As for big data, it is a convenient way of tackling the emerging paradigm shift in data sciences and data economy. This is why CNIL approaches it not so much as a new topic of regulation per se, but rather as a way to describe the concept necessary to grasp the new economic and sociologic landscape that currently takes shape. This is why it is one of the major trends we are following within our innovation and foresight program, for example.

Can we consider that users are fully aware of the usage of their personal data by third parties? Do they measure the real risks but still arbitrate in favour or usage and innovation? Have they different reactions depending on type of service or personal data?

It would obviously be wrong to assert that users are fully aware of the whole economy behind personal data combinations and analysis. Surely, there is some kind of a privacy paradox, because people express concerns but still use and plebiscite services and systems that are really "black boxes" for them in terms of personal data processing. Let's take tracking systems, such as cookies for examples: one common browsing day means encountering hundreds of cookies, linked in one way or another with dozens of different third parties, intermediaries, operators... the existence of which you are not even aware of. Those systems are not always threatening privacy, but they are surely not known. It cannot be argued that this attitude is only the sign of an absence of concern for privacy: in fact, the issue is probably more complicated and thinking about security and protection is neither "fun" nor rewarding. And finally, individuals do care more about other sensitive personal information, the categorization of which is changing. Geolocation is clearly considered very sensitive data by all, even if we all like location-based services. For example, in a survey we made in December 2011 about "smartphones and privacy", more than 90% of French smartphone users wanted strong control over their locations data. People want to know what happen to their traces and data, and they want more control on them.

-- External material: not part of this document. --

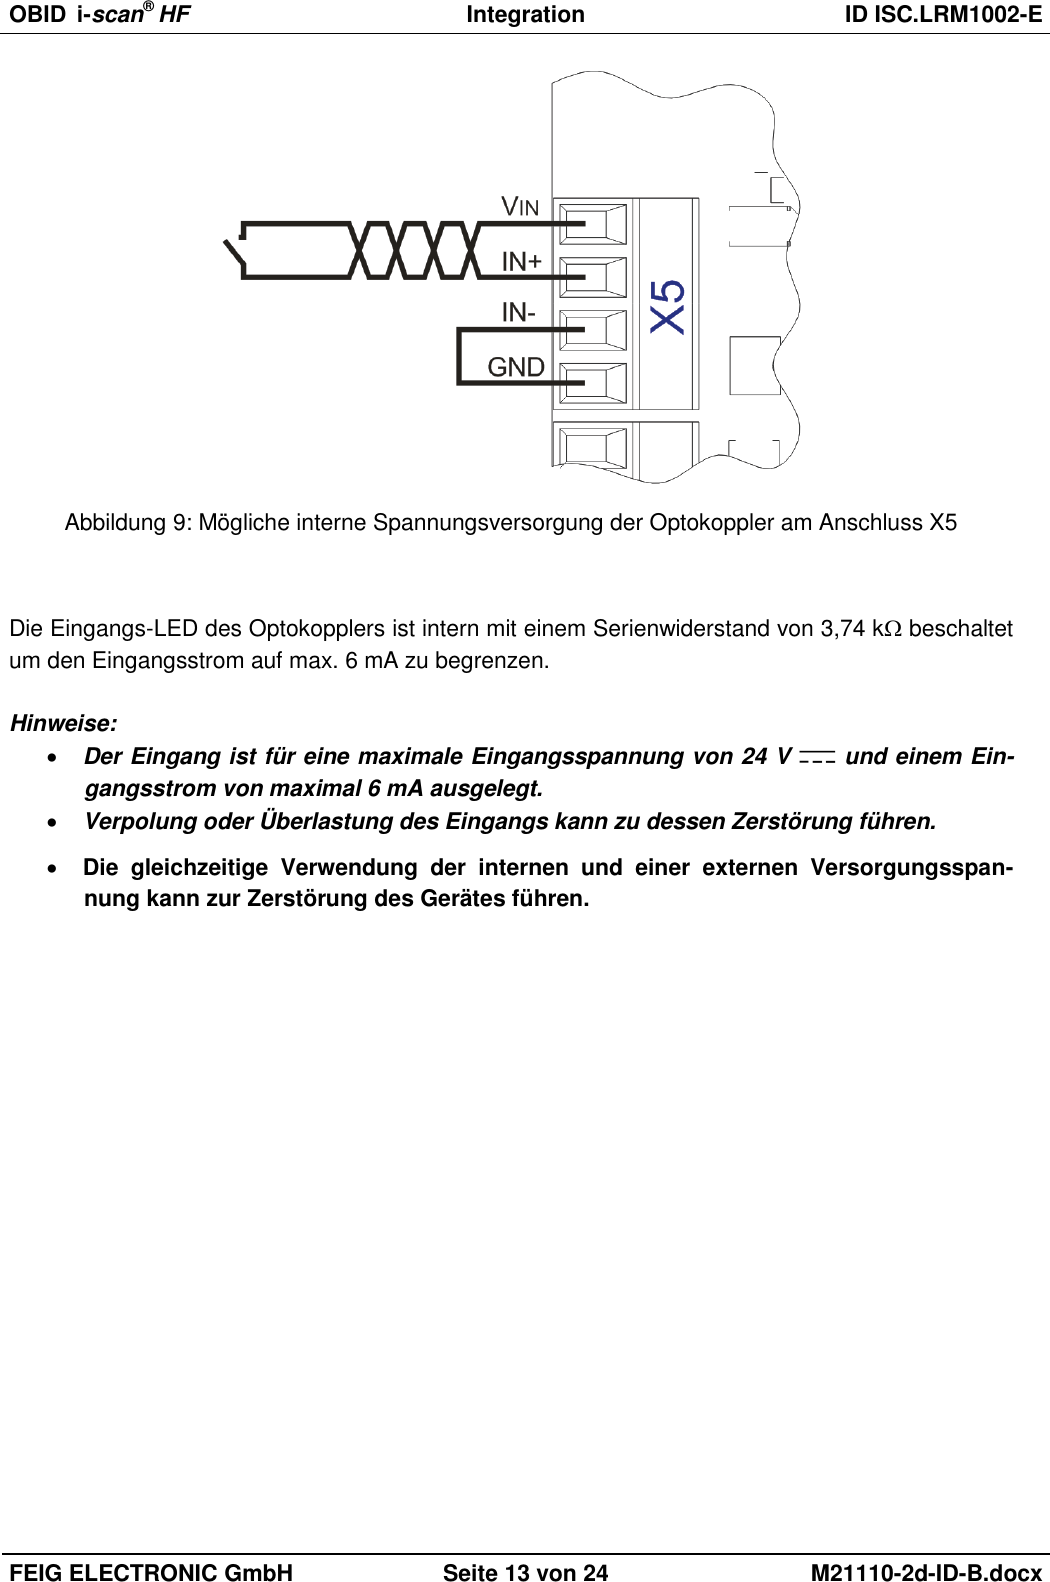 OBID  i-scan® HF Integration  ID ISC.LRM1002-E  FEIG ELECTRONIC GmbH Seite 13 von 24 M21110-2d-ID-B.docx   Abbildung 9: Mögliche interne Spannungsversorgung der Optokoppler am Anschluss X5   Die Eingangs-LED des Optokopplers ist intern mit einem Serienwiderstand von 3,74 k beschaltet um den Eingangsstrom auf max. 6 mA zu begrenzen.   Hinweise:  Der Eingang ist für eine maximale Eingangsspannung von 24 V   und einem Ein-gangsstrom von maximal 6 mA ausgelegt.  Verpolung oder Überlastung des Eingangs kann zu dessen Zerstörung führen.   Die  gleichzeitige  Verwendung  der  internen  und  einer  externen  Versorgungsspan-nung kann zur Zerstörung des Gerätes führen.

The IT ecosystems are more and more developing around platforms aggregating users and developers. What are the additional challenges coming from platforms in terms of privacy?

First of all, the business model there is generally based on free access, sometimes with freemium offers. But, as it's often said for example about Facebook, if you do not pay, you are not a customer. And if you are not a customer, you are most likely to be a product! So a lot of those platforms are running on data, mostly personal data, like a car is running on oil. Therefore, data-minimization and privacy by default are clearly not the natural tendency of those platforms.
Then, as is emphasized in our cloud recommendations, another issue arises around the balance of responsibility between those platforms, developers, users, etc. The "one-stop shop" for users should not hide the fact that you have plenty of actors participating to the service. The standardization of offers and the use of take-it-or-leave-it contracts by Cloud providers to formalize contractual relationships with their customers leave no space to the negotiation of the terms of use of Cloud services. In addition, it appears that providers generally provide very few information to their clients about the technical and organizational measures implemented to guarantee data security and confidentiality of data processed on behalf of clients. This lack of transparency and control mean that their clients do not have all necessary information to comply with their duties as data controllers.

Should personal data collected by tracking, by acquisition from third parties or by direct collect from the user (like a form) be treated/considered the same way regarding privacy aspects?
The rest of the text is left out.